TransCentury Limited, a Nairobi Securities Exchange listed infrastructure company, has announced the sale of its 34 per cent equity stake in the Kenya–Uganda rail concessionaire Rift Valley Railways (RVR), to Egypt’s Citadel Capital.
Citadel, a private equity firm, said it bought the shares for $37.8m (about Shs96 trillion), raising its stake to 85 per cent up from 51 per cent in Africa Railways which runs RVR together with Bomi Holdings, which owns a 15 per cent stake. Bomi Holdings is run by Ugandan business mogul Charles Mbiire. However, Mr Mbiire was not readily available to comment on the latest developments.
Citadel Capital founder and chairman Ahmed Heikal, on why the firm sought the deal in railway business, said, they are honoured to continue working with their partners in Africa Railways on RVR’s turnaround story.
The latest happenings are likely to translate more efficient development of the Kenya-Uganda railway given the reduced bureaucratic hurdle that comes as a result of TransCentury’s exit.

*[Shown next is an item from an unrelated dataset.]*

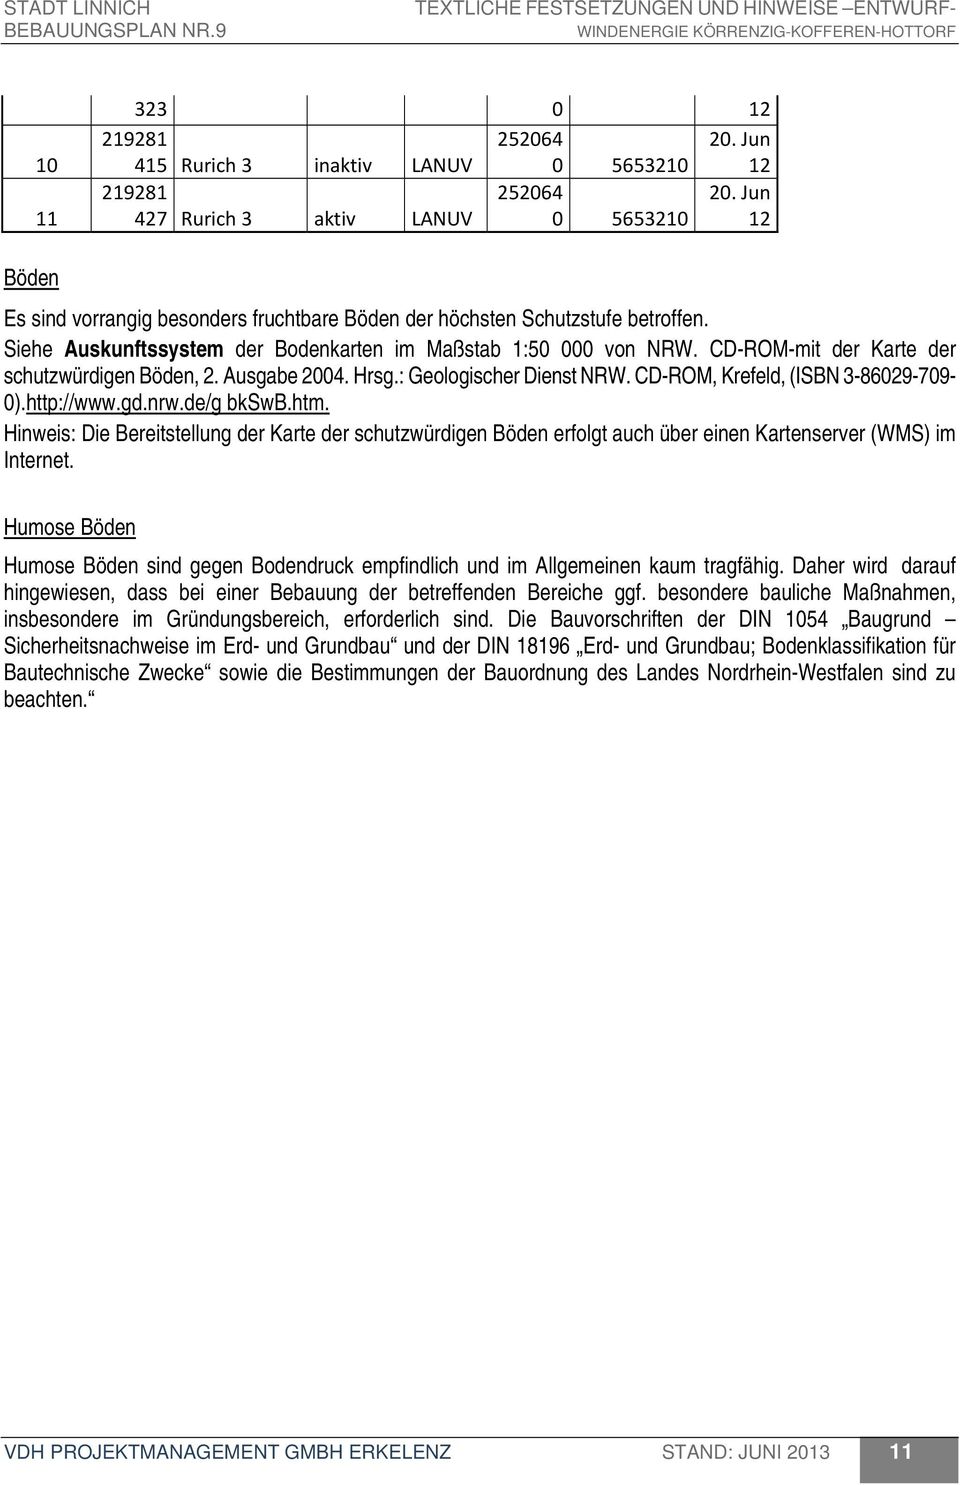 CD-ROM, Krefeld, (ISBN 3-86029-709-0).http://www.gd.nrw.de/g bkswb.htm. Hinweis: Die Bereitstellung der Karte der schutzwürdigen Böden erfolgt auch über einen Kartenserver (WMS) im Internet.
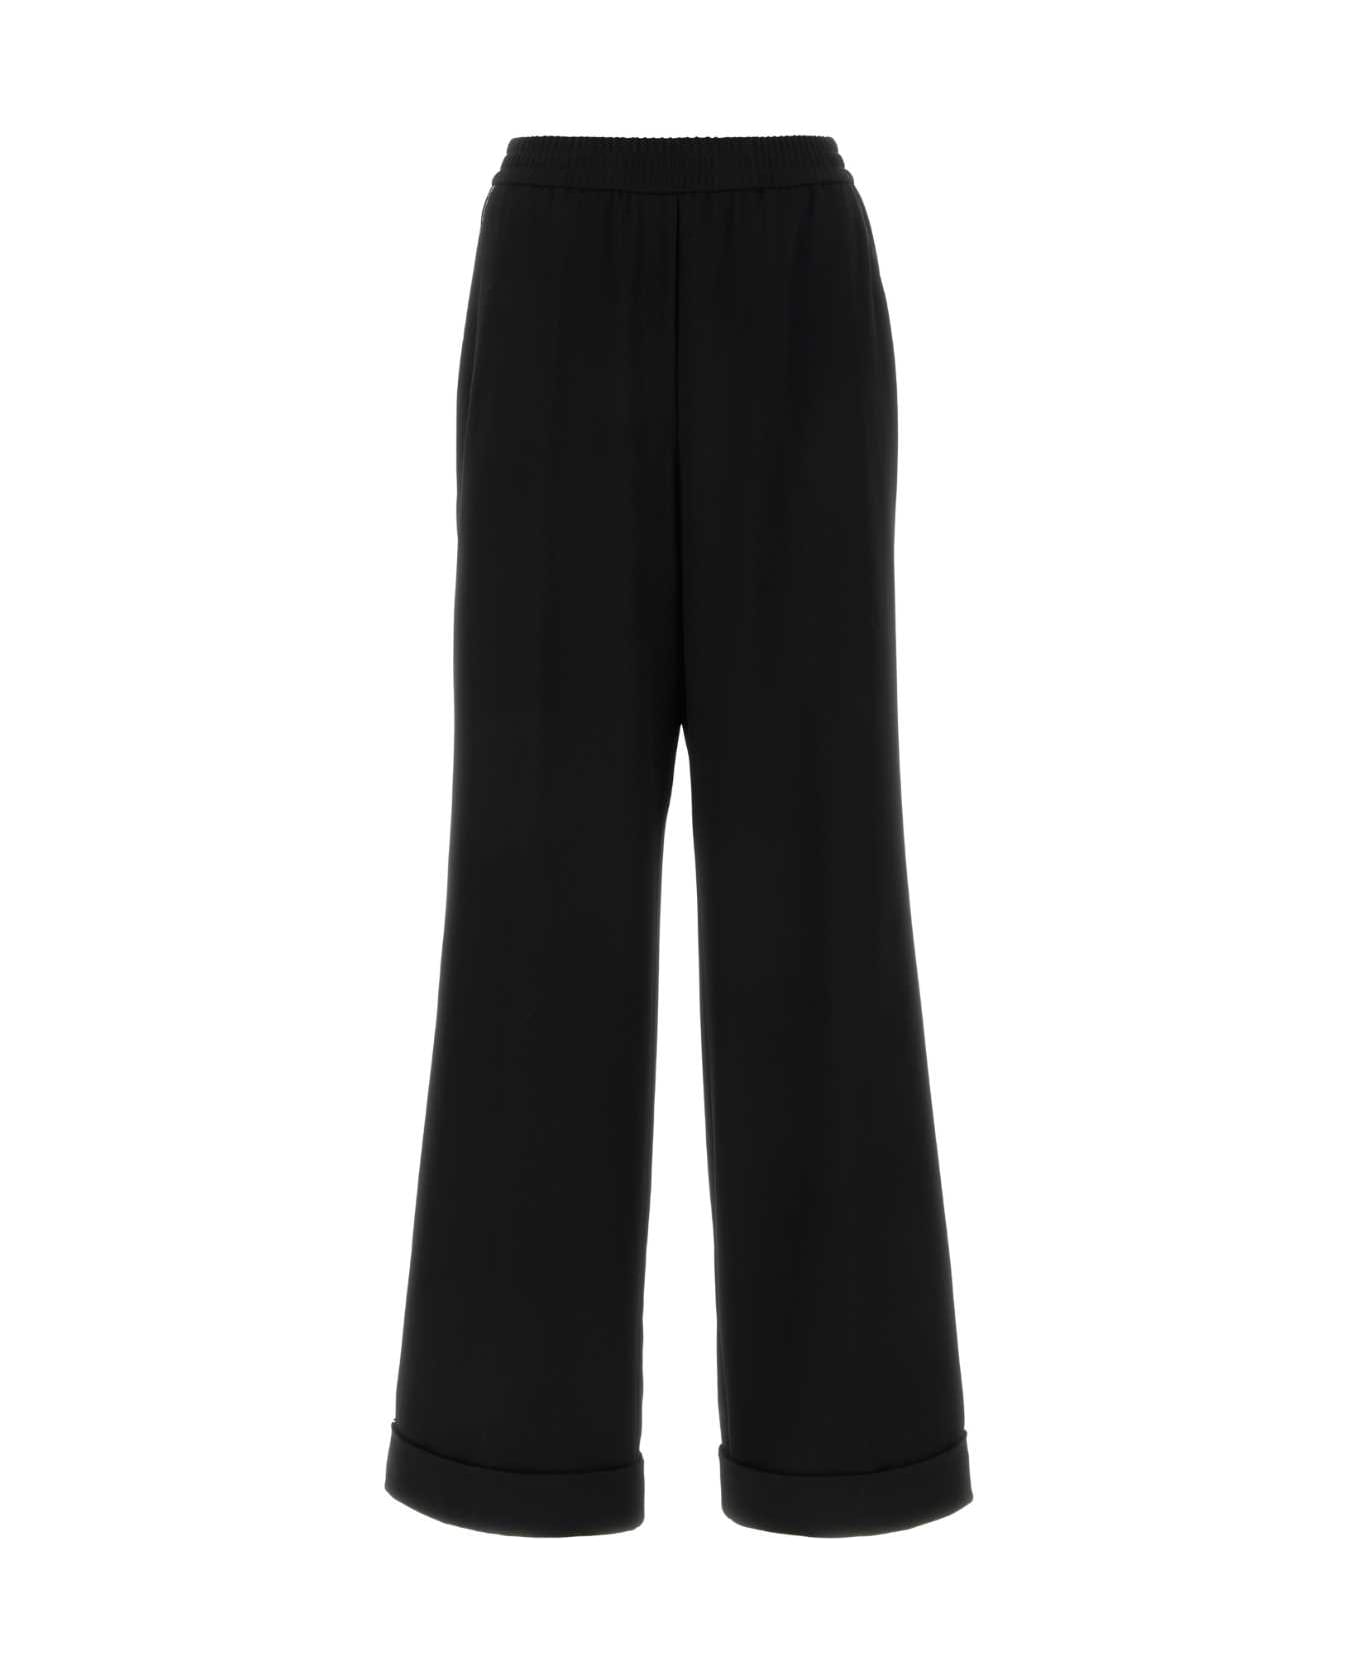 Dolce & Gabbana Black Stretch Wool Pajamas Pant - NERO ボトムス

World-class railway services
“The citizens and business communities of Kenya and Uganda have a right to a world-class national railway that serves as an engine of national development,” Mr Heikal said, adding that RVR will continue to provide reliable, cost-effective transportation solutions to East Africa’s emerging oil, gas and manufacturing industries.
TransCentury first invested in RVR in December 2006 after acquiring a 20 per cent stake in the company and later increased its shareholding to 34 per cent in May 2010.
Earlier this year, TransCentury, announced its subsidiary Safari Rail Company Limited (Safari Rail), had exercised an option that would result in a change of its shareholding in KU Railways Holdings Limited (KURH).
This triggered a 60-day deadline under which Citadel had to either divest its majority shareholding to TransCentury or buy it out. Citadel chose the latter option.
Rift valley railways recent developments
RvR have in the last three years, completed the first phase of the rehabilitation of 500 kilometres of rail that links Kenya with Tororo in Eastern Uganda and Gulu in the north, ending two decades of neglect. The company also recently announced a move into a phase that will see it purchase new locomotives, doubling its fleet size in the coming 12 months.
Citadel’s managing director for Transportation Investments, Karim Sadek, said both TransCentury and Bomi has worked closely with RVR management to deliver on promises made to people in Uganda and Kenya.